Egypt’s coup crisis

Egypt’s coup crisis

“What is being experienced are the political tensions Egypt needed to live through during the revolution that was in the end realized by apolitical discourse. What those who experience these tensions, the Ikhwan and some liberals, have in common is their inexperience. And the most determining characteristic of the old regime remnants are their decades-long political experience. Unless the two inexperienced parties soon realize that they are playing with fire, we may suddenly find Egypt in the middle of a de facto coup.”

“If Egypt has to choose between the ‘growing pains of democratization’ or the ‘military-judiciary tutelage,’ it should not hesitate to pick the first option. There is, in fact, a strong possibility that the first option offers an exit out of what we may call ‘political turbulence.’ The second option, on the other hand, which we may call ‘bureaucratic oligarchy,’ may clear the path to a Mubarakism that Egypt would be sentenced to for years to come.”

The above lines were not written last week.

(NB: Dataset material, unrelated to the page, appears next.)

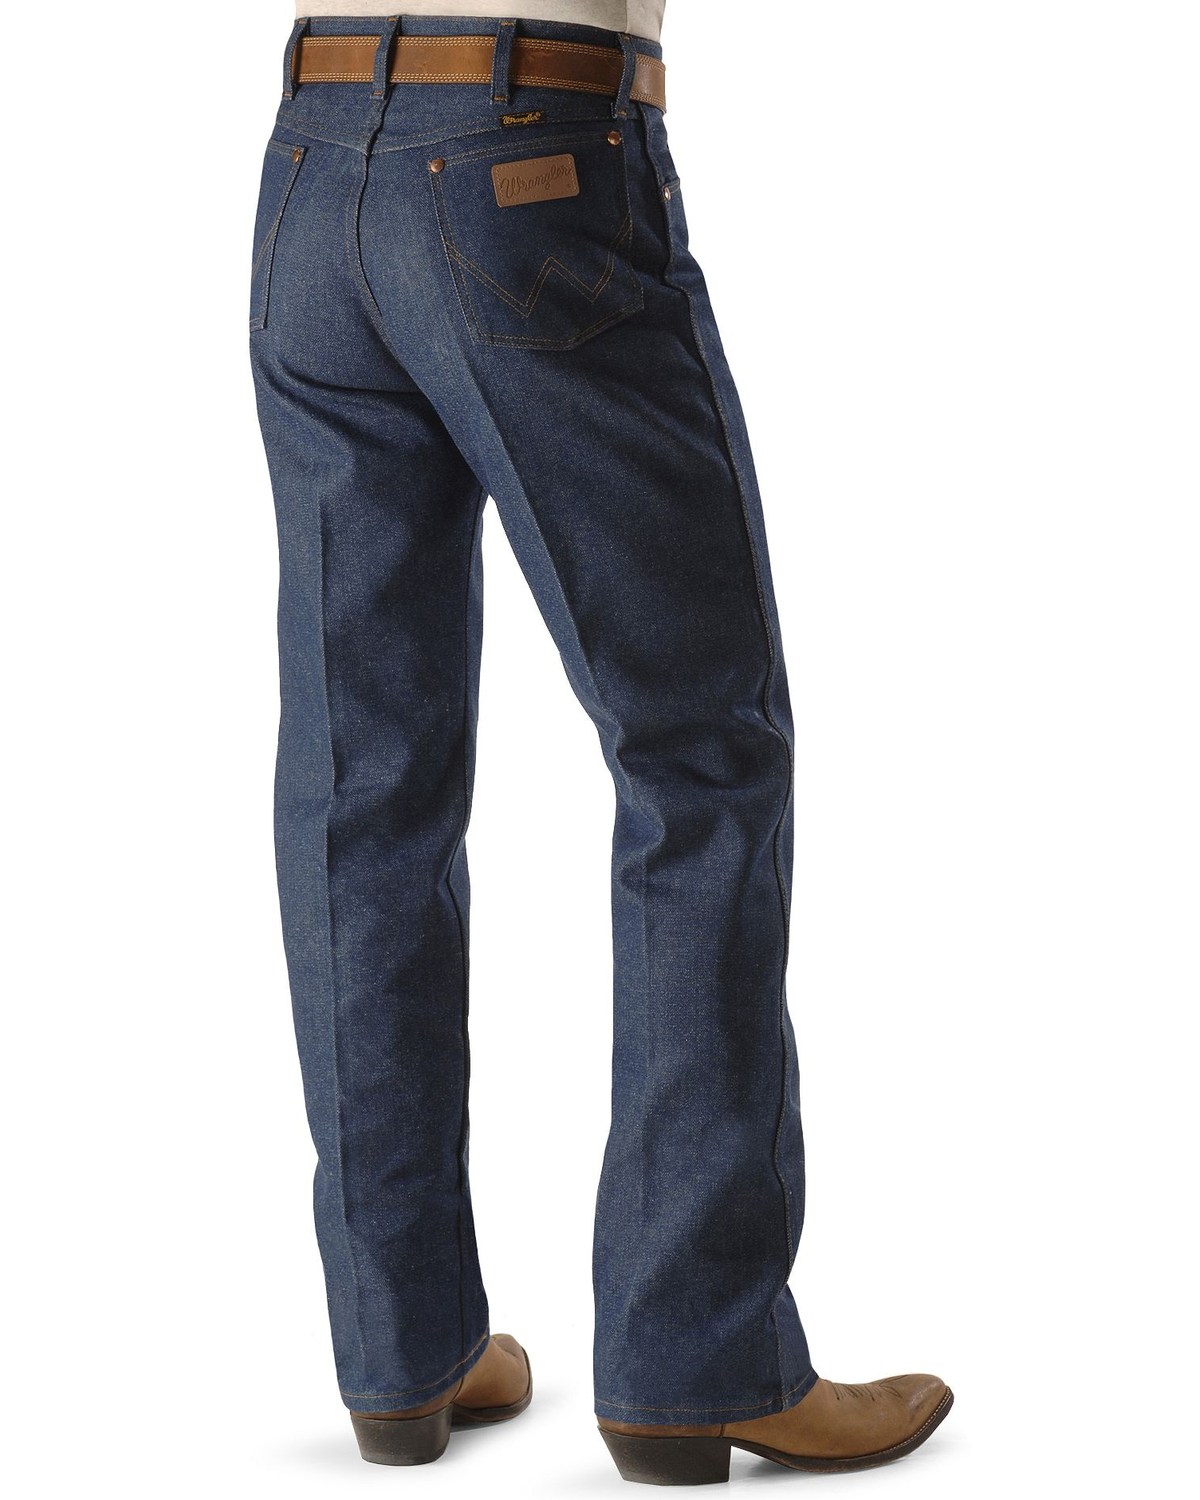 Wrangler Men's Rigid Cowboy Cut Original Fit Dress Jeans

Since the revolution in Egypt, you have read similar lines in this column. The above paragraph is from my article titled “New Egypt Versus the Felool: Struggle for Democracy” from last year, in which I offered an analysis of tensions in Egypt. For me, the dissolution of the Parliament on June 14 was the first coup during the post-revolution period. The liberals’ and the secularists’ response to this coup was, in fact, a clear indication of how Egypt’s political landscape would be shaping up in the days to come. What the events of June 14 signaled was actualized with an actual coup on July 3. The junta administration has gone to great lengths to convey the pretense that they are the legitimate voice of Egypt. The Sheikh of sl-Azhar, the Coptic Pope and a Salafi stood behind the nationalist General Sisi. The well designed façade of the coup collapsed only a few days later. The Sheikh of sl-Azhar could not even walk around on his own campus. And all Copts saw the impasse the Coptic Pope – consecrated after one of the wiser men of Egypt Pope Shenouda had passed away – dragged the country into. The Nour Party, which represents only one strand of the Salafi movement in Egypt, was turned upside down with the news of some members supporting the coup. And the liberals, who proved to be the epitome of moral bankruptcy and who worked with all their might to make the coup happen, have disappeared. Indeed, Tahrir is calm and empty once again.

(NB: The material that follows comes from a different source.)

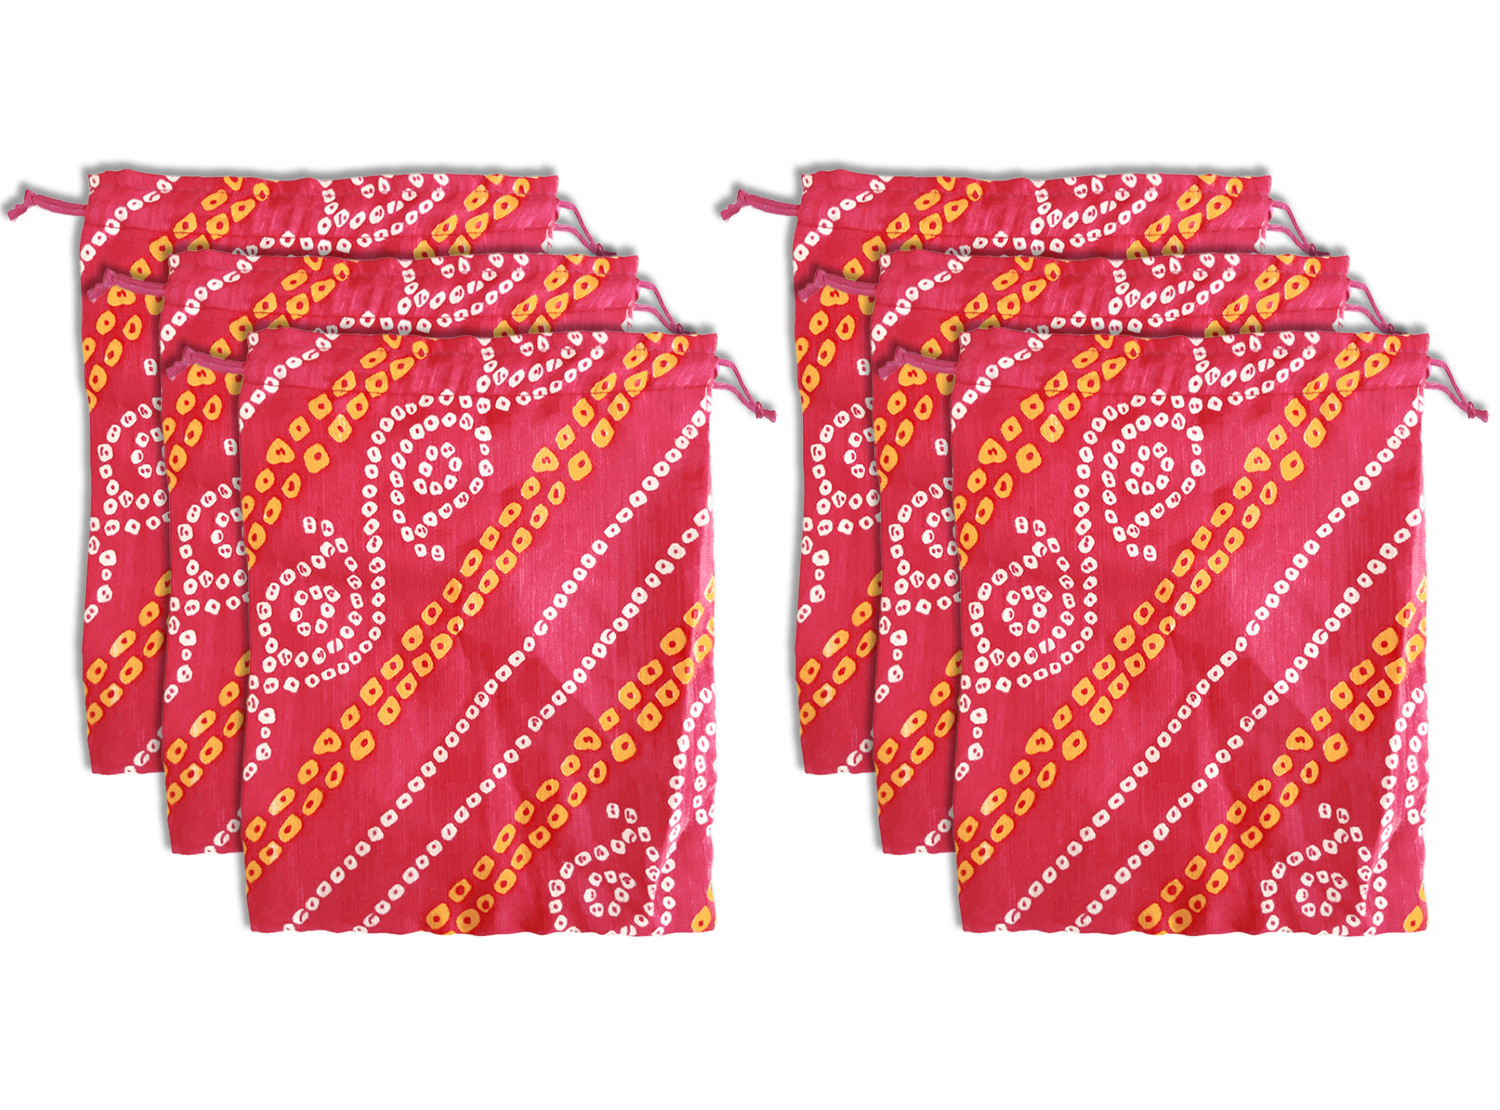 Kuber Industries Multiuses Bandhej Print Potli Bag for women With Drawstring (Pink)

Sisi, to save the fake façade of his coup from collapsing and the army from feeling a politically alone, relied on his old trusted friend as usual – his arms. The junta administration cruelly massacred civilians. The arrests are still going on. The Egyptian army has sentenced itself to a quagmire it cannot get out of. The army does not possess the necessary political and sociological skills to endure a long term standoff with the public like the Mubarak administration. The biggest problem the army is facing right now is how it will get out after Jan. 25 without turning Egypt into Algeria. The only person who can really answer this question is the president they ousted, Morsi.